Meskipun terdapat perbedaan dalam pelaksanaan upacara perkawinan, tetapi mereka memiliki tujuan dan maksud yang sama, yaitu mempersatukan seorang laki-laki dengan seorang Perempuan untuk membina sebuah keluarga yang baru "Baralek" (walimah) atau pesta pernikahan.

Baca Juga: Menarik! KNPI Gelar Sijunjung Future Leader, Cari Ajudan Milenial Bupati

Salah satunya pada suku Malayu Kecik di Kampuang Koto Pandan, Nagari Inderapura Timur, Kecamatan Air Pura, Kabupaten Pesisir Selatan, Sumatera Barat, pada saat beriringan arak-arakan kedua mempelai memakai "Suntiang" (Sunting) keliling "kampuang" (kampung).

Nagari Inderapura sendiri suku Malayu terbagi tiga, yakni Malayu Kecik, Malayu Gadang dan Malayu Tangah. Pada saat prosesi perkawinan ada acara yang disebut arak-arakan. Arak-arakan keliling kampuang tersebut bertujuan memberitahukan kepada masyarakat kampuang bahwa kedua mempelai telah sah berstatus suami istri, kemudian status sosialnya pun akan berubah yakni menjadi urang sumando bagi mamak rumah, menantu bagi mertua dan kemenakan bagi mamak serta mendapatkan nama gelar urang sumando.

Pesta pernikan anak kamanakan suku Malayu Kampuang Koto Pandan pengantin laki-laki memakai Suntiang. Marapulai basuntiang (bersunting) pakaian adat Inderapura terbilang unik dan langka hanya ada di Inderapura. Daerah lain di Sumatera Barat tidak ada marapulai memakai suntiang melainkan saluak.

Tradisi marapulai basuntiang merupakan suatu tradisi yang dilaksanakan pada saat melangsungkan pesta perkawinan yang memenuhi ketentuan hukum adat masyarakat di Kenagarian Indropuro seperti di Inderapura Kabupaten Pesisir Selatan memiliki adat pernikahan yang mewajibkan “marapulai” (mempelai pria) menggunakan “suntiang”. “Suntiang” dalam adat pernikahan Minang biasanya digunakan oleh “Anak Daro” (mempelai wanita). Tradisi ini sangat unik di masyarakat Minangkabau karena marapulai memakai suntiang ini juga sangat menarik.

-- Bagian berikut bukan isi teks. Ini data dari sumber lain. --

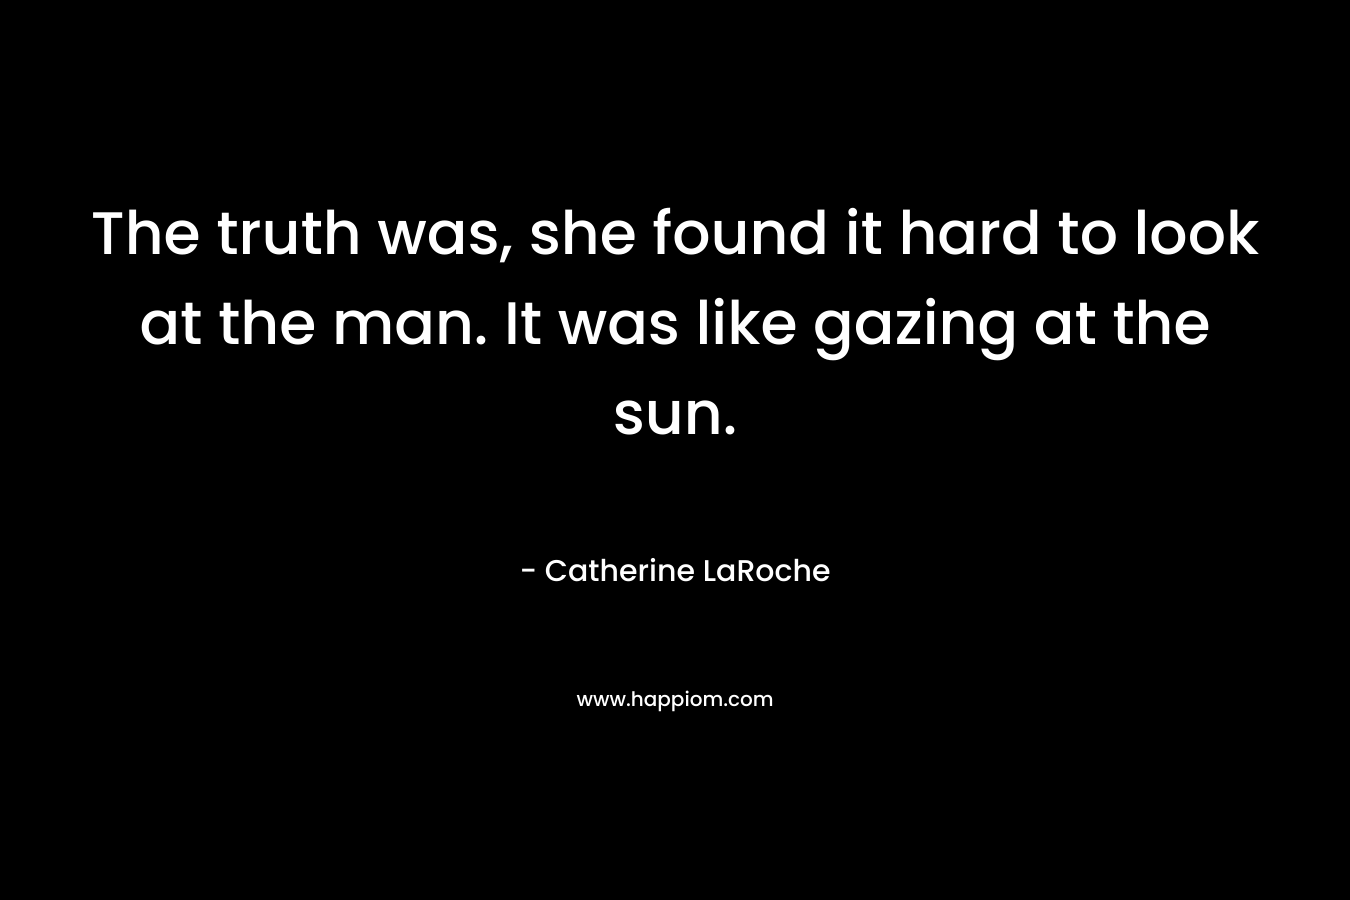 The truth was, she found it hard to look at the man. It was like gazing at the sun. – Catherine LaRoche

Baca Juga: Peduli Terhadap Lingkungan, PKK Nagari TBAS Jalankan Program Bank Sampah

Asal Usul Tradisi Marapulai Basuntiang

Asal-usul tradisi marapulai basuntiang berawal dari peperangan yang terjadi di daerah Inderapura pada abad 14 M. Tradisi yang unik di Kenagarian Inderapura marapulainya (pengantin laki-laki) memakai suntiang (sunting), sedangkan di Kenagarian lain marapulainya memakai Saluak. Hal ini dikarenakan dahulunya di nagari Inderapura terjadi perperangan memperebutkan wilayah Kerajaan Indojati (Inderapura-Indropuro). Pada peperangan yang terjadi tersebut orang Inderapura menyambut pihak lawan dengan tarian dan anak daro (pengantin perempuan), sehingga tertariklah pihak lawan dengan salah satu dari anak daro itu.

Dengan demikian maka di pakaikanlah suntiang oleh orang Inderapura kepada lawan tersebut. Daerah Inderapura ini merupakan daerah kerajaan pada zaman dahulu, sehingga kerajaan lain ingin menguasai Inderapura. Dengan keinginan tersebut maka terjadi perperangan memperebutkan kekuasaan, karena orang Inderapura cerdas, maka mereka memiliki strategi untuk menyambut kedatangan kerajaan lain itu, yaitu dengan tari-tarian yang ditarikan oleh anak daro yang memakai suntiang.

Sehingga tertariklah raja dari pihak lawan kepada salah satu anak daro yang menari dan mereka dinikahkan. Ketika pesta perkawinan anak daro dan marapulai diberi suntiang sebagai hiasan kepalanya. Cerita asal-usul tradisi marapulai basuntiang memiliki fungsi dan nilai-nilai. Jika diperhatikan secara cermat, ternyata suntiang marapulai tak sama dengan suntiang yang dikenakan oleh anak daro. Motif suntiang mempelai pria lebih besar, ukuran tingginya lebih pendek, dan lebarnya juga lebih singkat.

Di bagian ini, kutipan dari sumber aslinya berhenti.